Figure 2 shows the results of the strategy when using only one iteration and when using two iterations. We also show the differences (g, h) with the ground truth and (i) between strategies. One can see how (c) the strategy with a single iteration leads to oversegmentation due to the necessity of fixing a smaller global threshold compared to the strategy with two iterations. The intensity of the dirty white matter (inflammation) of higher hyperintense lesions sometimes may be higher than small focal lesions; therefore, a single threshold may lead to misclassification. Instead, the use of two thresholds combined with the post-processing rules (λ ts and λ nb) allows the definition of an initially higher threshold ((d) first iteration) in order to avoid surrounding voxels belonging to the lesion inflammation; however, in e, the second iteration threshold can be smaller to detect lower intensity lesions (in the example, two new small lesions are added in this step). Note that the adjacent voxels of the initial segmented lesions will be discarded through the post-processing rules (f).

Fig. 2
figure 2

Images representing a the original FLAIR image, b manual annotation, c single-iteration strategy with only one threshold applied, df the first threshold, second threshold, and final result, respectively, of the two iteration strategies, g differences between the ground truth and first strategy, h differences between the ground truth and second strategy, and i differences between the first and second strategy

Evaluation

Quantitative evaluation has been performed using three different well-known measures, the Dice similarity coefficient (DSC), true-positive rate (TPR), and positive predictive value (PPV). All of those measures have been computed between the ground truth (lesions manually segmented by the experts) and automatic segmentation. The DSC is the most common measure used to validate segmentation methods and compute segmentation accuracy. This measure considers the TP, FP, and false-negative (FN) voxels. It ranges between 0 and 1 and accounts for the presence or absence of voxels in both annotations:

$$ \mathrm{D}\mathrm{S}\mathrm{C}=\frac{2\times \mathrm{T}\mathrm{P}}{\mathrm{FN}+\mathrm{F}\mathrm{P}+2 \times \mathrm{T}\mathrm{P}} $$
(4)

The TPR measures the sensitivity of the method and ranges between 0 and 1. The lower the false negatives (lesions missed) were, the better the measure becomes. We computed TPR region-wise, therefore rating the detection accuracy:

$$ \mathrm{T}\mathrm{P}\mathrm{R}=\frac{\mathrm{TP}}{\mathrm{TP}+\mathrm{F}\mathrm{N}} $$
(5)

Finally, PPV computes the precision of the method. The lower the false positives (healthy tissue classified as lesion), the bigger the PPV. PPV ranges from 0 to 1 and is also computed region-wise:

$$ \mathrm{P}\mathrm{P}\mathrm{V} = \frac{\mathrm{TP}}{\mathrm{TP}+\mathrm{F}\mathrm{P}} $$
(6)

Experimental results

3-T dataset

We have divided this dataset of 70 patients into two different groups depending on the image modality used to annotate the MS lesions (FLAIR or PDw). Notice that most patients in this dataset have a very low lesion load.

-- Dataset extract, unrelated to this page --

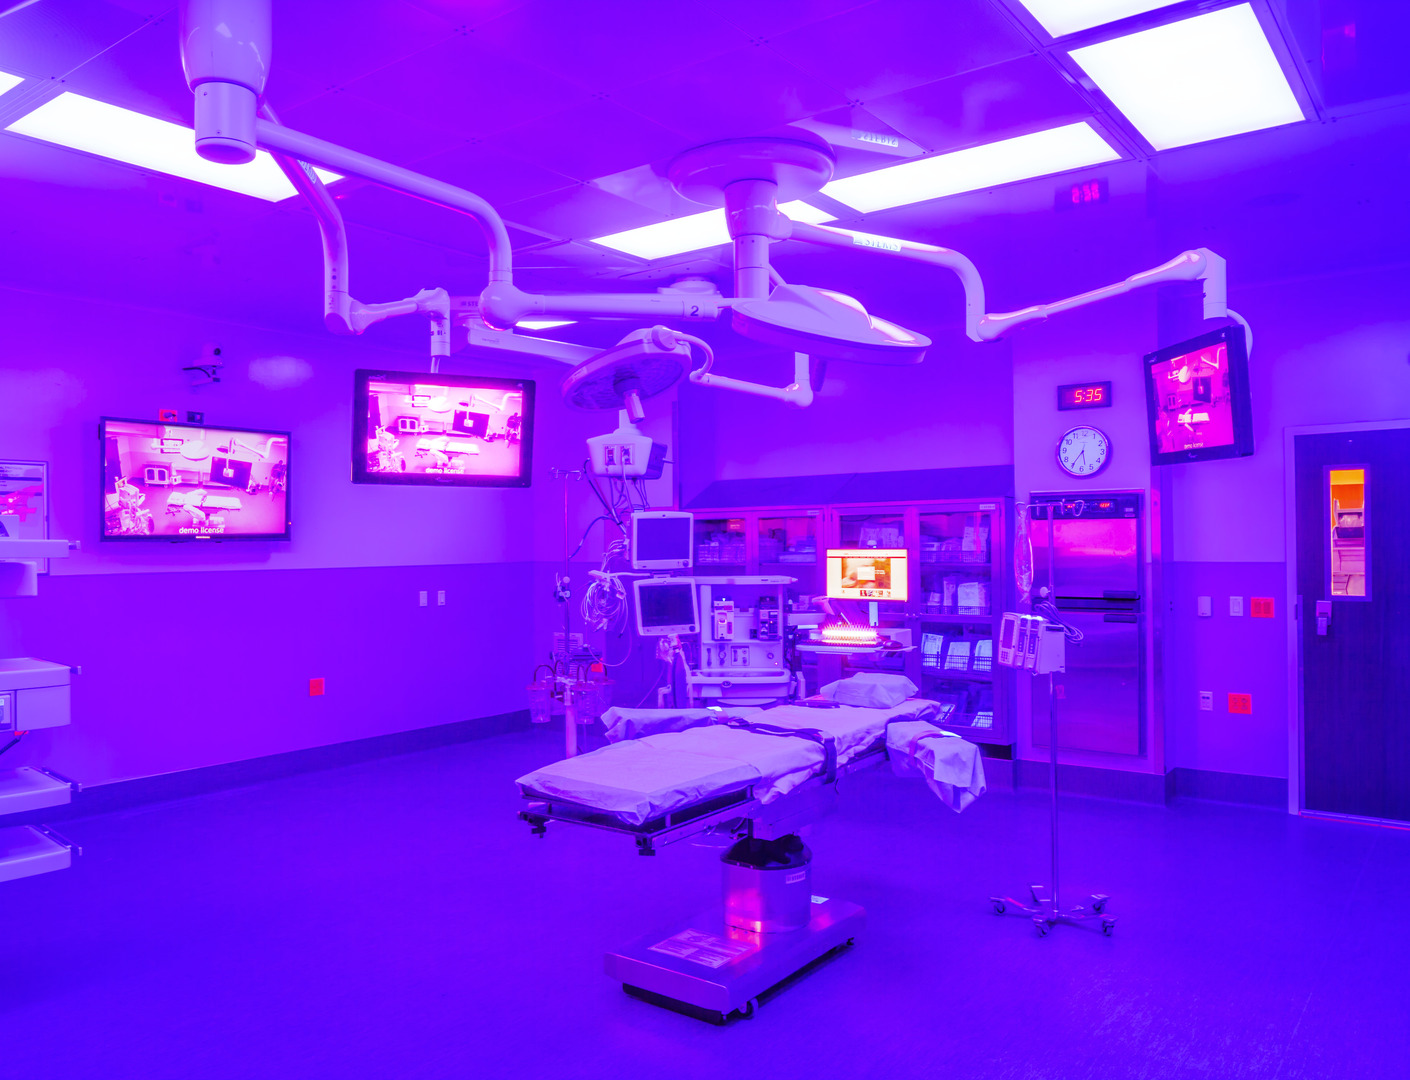 Thoughtful use of air ventilation can reduce the spread of infectious disease within hospitals.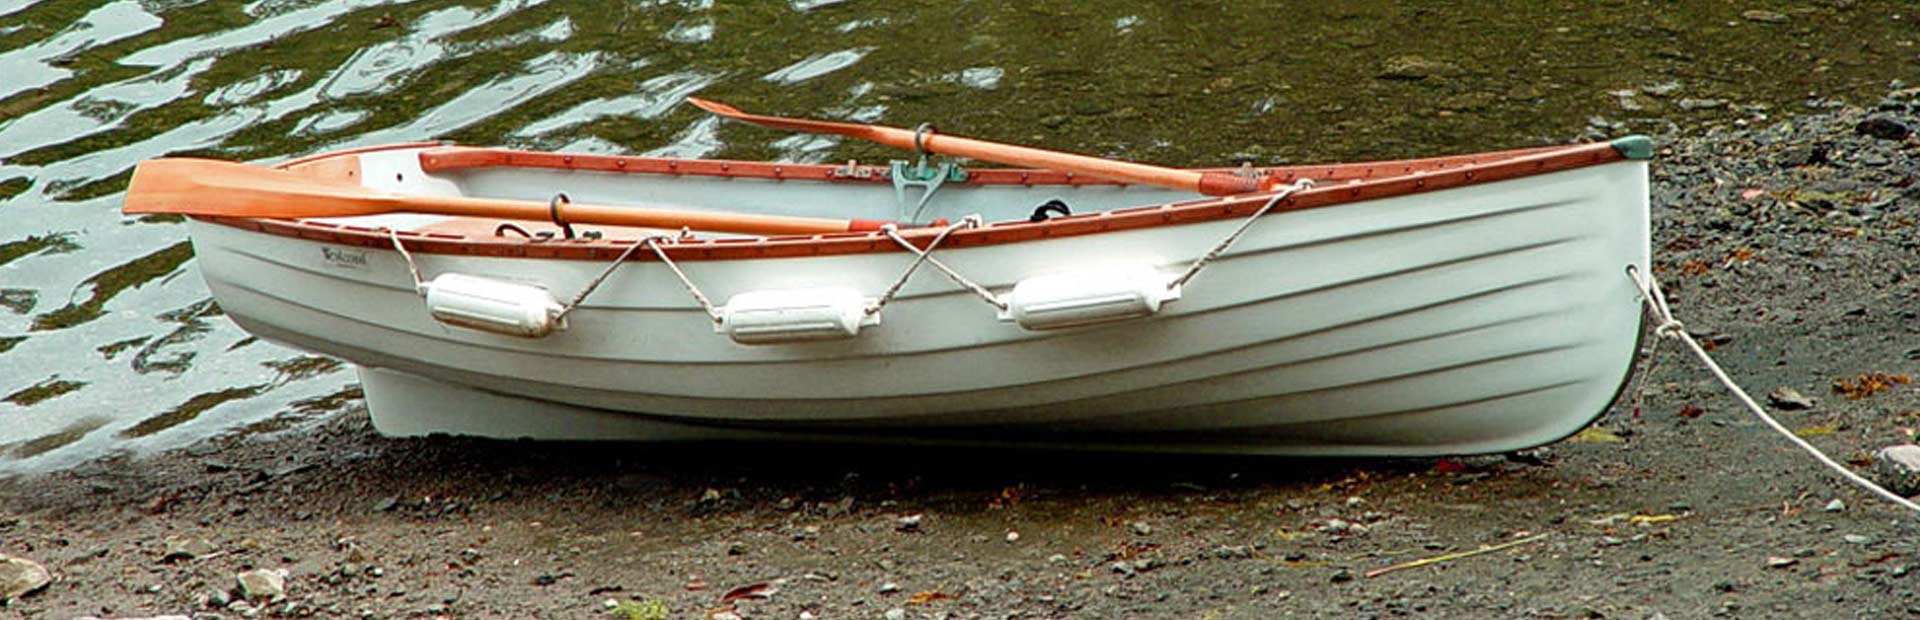 Small rowboat landed on the shore by a lake.

We set up the parameters of the algorithm using only the first group of patients. An exhaustive analysis was performed to find both λ ts and λ nb from 0 to 1 each 0.05 in both the first and second iterations. This optimization is highly dependent on the parameter α which was also tested in both iterations from 1 to 3 each 0.1. In this dataset, the tissue classification classifies almost all detected candidate lesions—i.e., the hyperintensities in FLAIR images, either as WM or GM. Therefore, λ ts does not have a particular influence in the results.

In this test, the parameters of our proposal for the first iteration were set conservatively, allowing only voxels over 97 % of the GM distribution to obtain a low number of FP: α = 3, λ ts = 0.7, and λ nb = 0.6, although λ ts was stable from [0–0.60], there was a weak improvement when 70 % of the voxels belongs to the WM. In the second iteration, those parameters were modified to allow more regions to be considered (α = 1.5, λ ts = 0.7 and λ nb = 0.65, although similar results were found for ranges of λ ts = [0.40–0.80] and λ nb = [0.60–0.70]). Because the second dataset was acquired using the same scanner and using the same protocol, we maintained the same parameter configurations for the testing. Table 1 shows how, using the two iterations strategy, we could improve the averages of DSC Δ0.03 and TPR Δ0.12 maintaining the same PPV.

Table 1 DSC, TPR, and PPV results (%) obtained on 3-T data from Vall d’Hebron using FLAIR images to manually annotate the lesions

When analyzing the first group of patients (see Fig. 3), we obtained a mean Dice of 0.30 ± 0.19, a mean TPR of 0.36 ± 0.21, and a mean PPV of 0.53 ± 0.29. While evaluating the second group of patients (annotations in PDw), the measures were a mean DSC of 0.33 ± 0.18, a mean TPR of 0.50 ± 0.20, and a mean PPV of 0.62 ± 0.23. Thus, the focus was to reduce the FP detection trying to detect as much TP as possible.

Fig. 3
figure 3

Boxplots representing DSC, TPR, and PPV measures obtained when testing our tool for three sets of data: 3 T from Vall d’Hebron annotated on FLAIR and PDw images and 1.5 T from Clínica Girona annotated on PDw images

A qualitative analysis of the segmentation results is illustrated in Fig. 4, where we show 2D and 3D views of four different cases with different lesion loads. The trend observed in the results showed that the higher the lesion volume was, the higher the accuracy obtained, although 12 ml is still a low volume. The slices shown in Fig. 4 illustrate clear examples of MS lesions that our tool could easily detect. However, the segmentations were usually slightly smaller than the ground truth (GT), and some FPs were found, particularly in confusing areas where the intensities were similar to MS lesions, and the tool classified them as GM outliers (for example, the first slice of case 0.5 ml or third slice of case 1.2 ml).

Fig. 4
figure 4

Qualitative example of the obtained results using our automatic tool. The GT is annotated on PDw images for cases 7.8 and 1.2 ml, and FLAIR images for cases 12 and 0.5 ml). The first row of each case shows the original FLAIR image, while the second rows show the automatic segmentation results (green = TP, red = FP, and yellow = FN)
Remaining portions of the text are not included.